Stability AI Unveils Compact, High-Efficiency Language Model: Stable LM 2 1.6B

2024-01-22

Stability AI has released Stable LM 2 1.6B, the first model in their new series of multilingual models. This model is compact, yet highly capable in various natural language tasks, making it an essential tool for developers.

The model was pretrained on a filtered dataset of 20 trillion word chunks from open-source large-scale datasets (supplemented with multilingual data from CulturaX) using 512 AWS A100 40GB GPUs (AWS P4d instances). It can smoothly handle English, Spanish, German, Italian, French, Portuguese, and Dutch. Stability AI states that the model architecture incorporates new algorithms in language modeling, striking a balance between speed and performance while allowing for faster training and iteration.

In the field of small-scale language models, Stable LM 2 1.6B stands out. Benchmark test results demonstrate that it achieves state-of-the-art results for a model with less than 2 billion parameters. It outperforms models such as Microsoft's Phi-1.5 (1.3B), TinyLlama 1.1B, and Falcon 1B in most tasks on the Open LLM Leaderboard.

Thanks to its multilingual data, Stable LM 2 also exhibits higher accuracy on translation datasets from companies like ARC, HellaSwag, and TruthfulQA. Furthermore, its performance on MT Bench further showcases its capabilities, as it delivers competitive results comparable to larger models, if not better.

One of the most appealing aspects of Stable LM 2 1.6B is its compact size and speed. This means reduced hardware requirements for training and deployment. However, it is important to note that smaller models also have some drawbacks, such as increased hallucinations and decreased inference/other burst capabilities.

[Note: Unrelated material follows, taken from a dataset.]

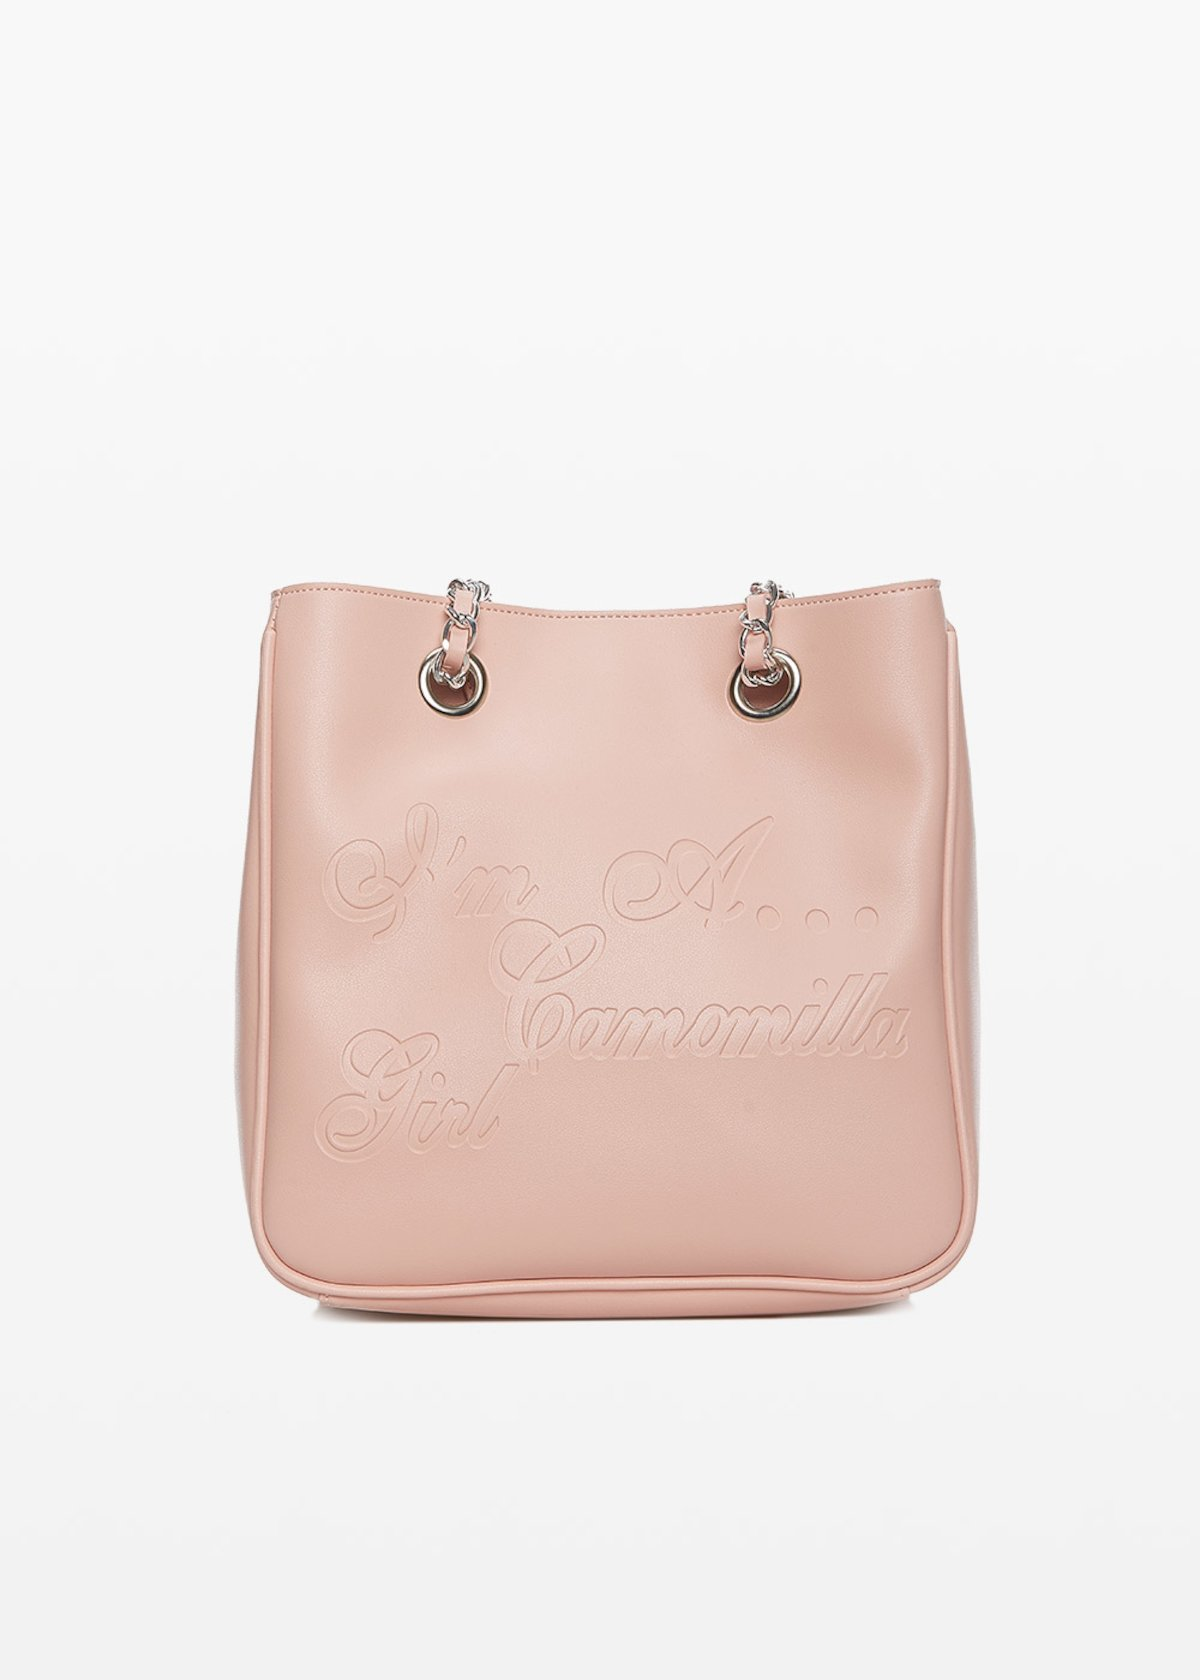 Shopping bag Micamunli in ecopelle con logo

Stability AI has released both the base model and instruction-adjusted versions. The company also provides the last checkpoint before pretraining cooling and optimizer states. This transparency is a great advantage for developers who wish to fine-tune and experiment with the model. The company plans to publish a technical report that will provide more details on the data and training procedures.